The EU is facing a growing pressure of immigration flows and mounting risks from terrorism. The consequences of a Grexit will have far-reaching strategic and security implications to the EU, experts warned.

Greece lies on the Mediterranean and has one of the longest coastlines in Europe, making it an attractive option for illegal immigrants hoping to enter Europe.

According to official data from the National Coordination Center for Border Control, Immigration and Asylum, 13,400 illegal immigrants entered Greece in the first three months of this year, triple the number of the same time last year.

The Greek government estimated there would be 100,000 illegal immigrants seeking entry into Europe by way of Greece in 2015.
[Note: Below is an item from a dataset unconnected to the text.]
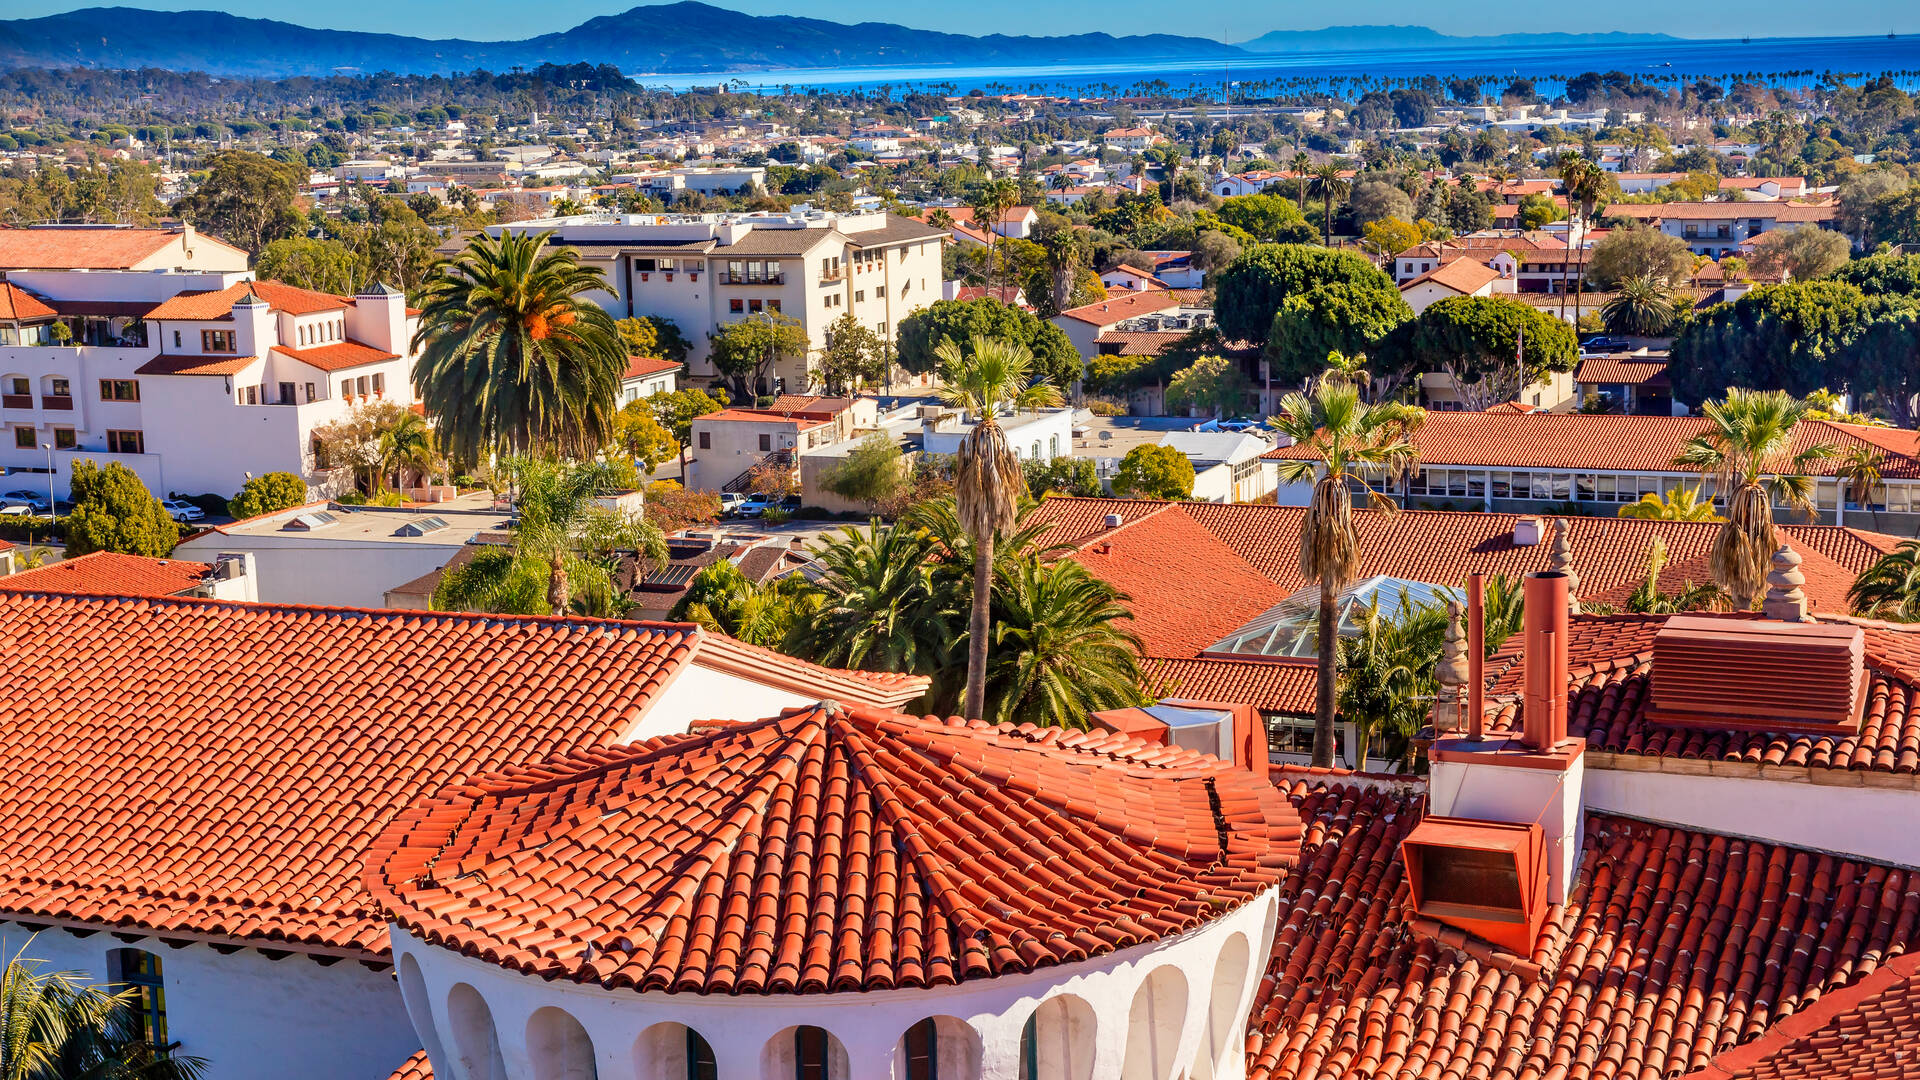 Santa Barbara Reisen und Billigflug – USA – Hotels und Flug nach Santa Barbara
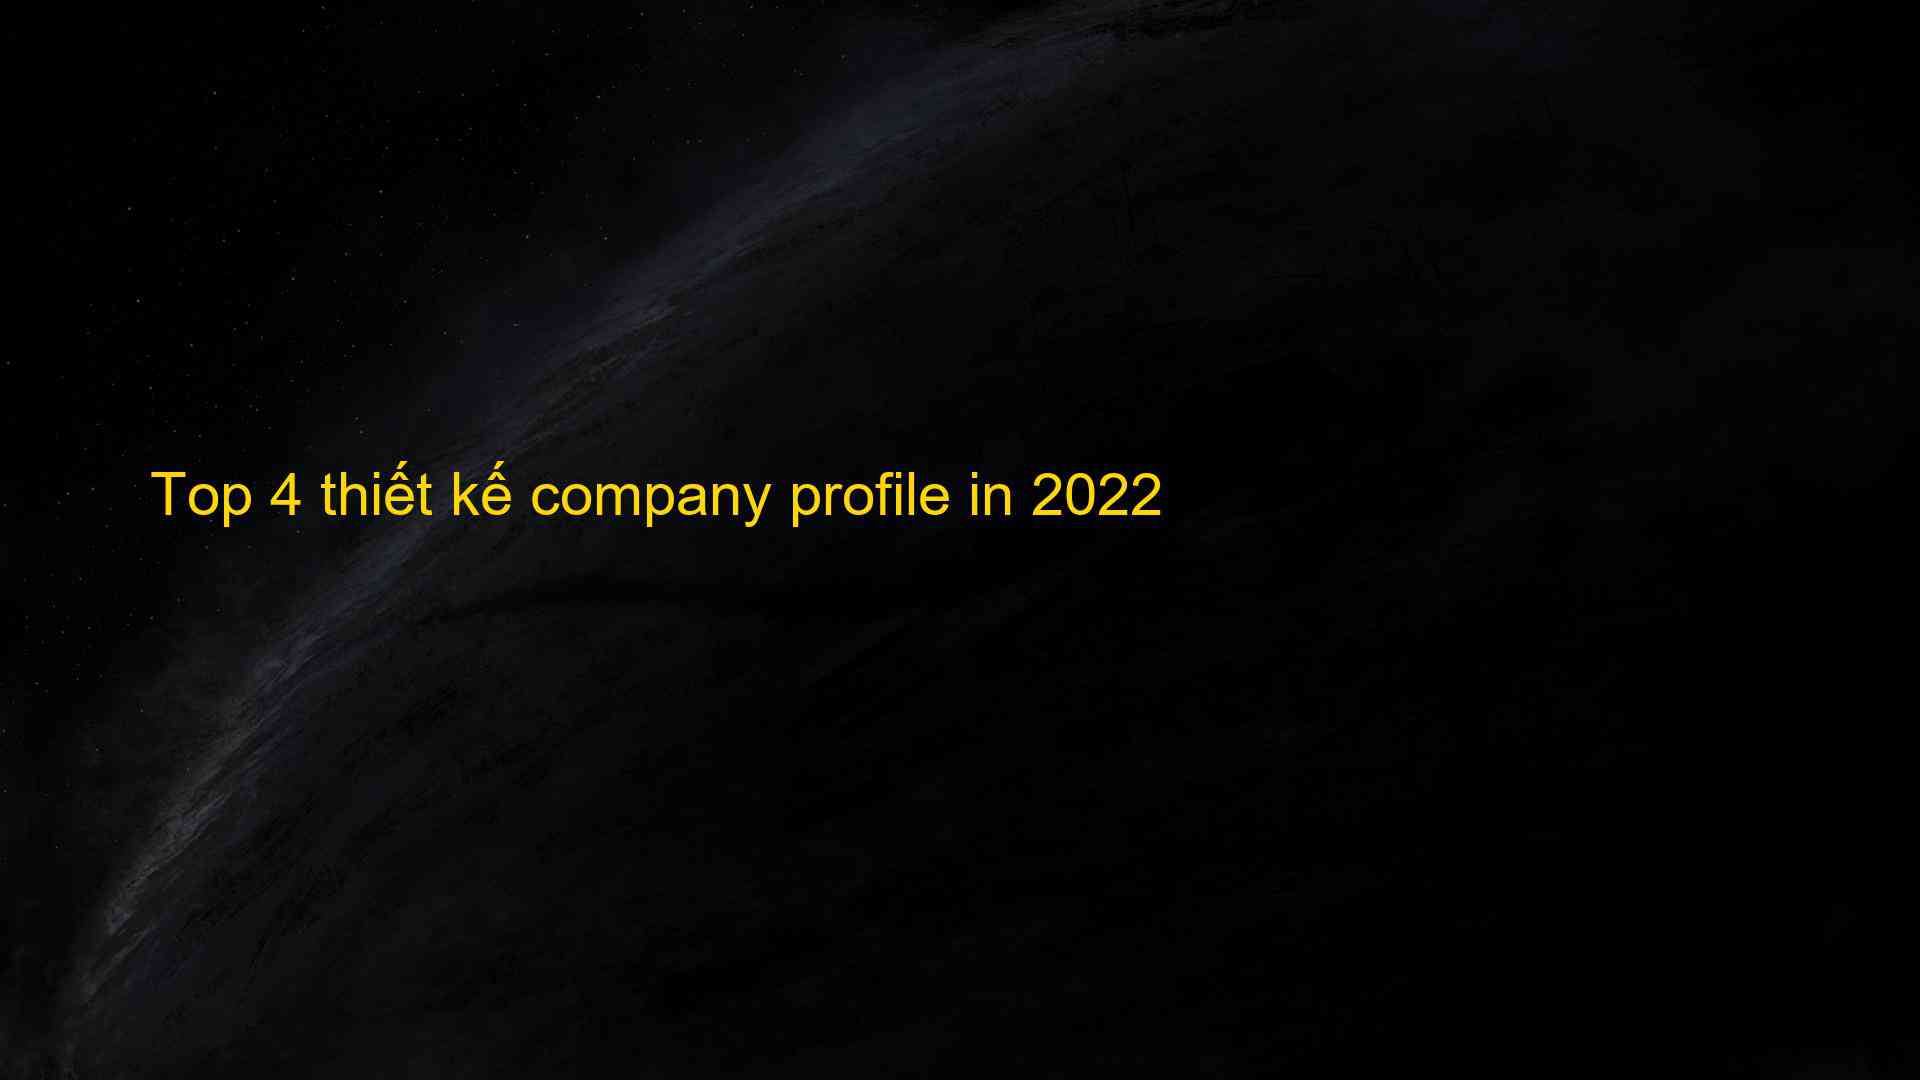 Top 4 thiet ke company profile in 2022 1660114224

If Greece leaves the EU, it is highly unlikely that it will try to prevent the illegal immigrants from travelling on to the rest of Europe. In fact, Greek Defense Minister Panos Kammenos warned that Greece would suspend European treaties, allowing immigrants to move to the rest of the continent.

Greece is also a member of NATO. According to NATO's statement, Greece's defense expenditures in 2015 will be the second highest (as a proportion of GDP) in the military bloc.

A Greek exit from the EU will lead to a power vacuum in the southeastern corner of Europe. The United States is concerned that a Grexit could encourage the Mediterranean country to strengthen relations with non-EU states.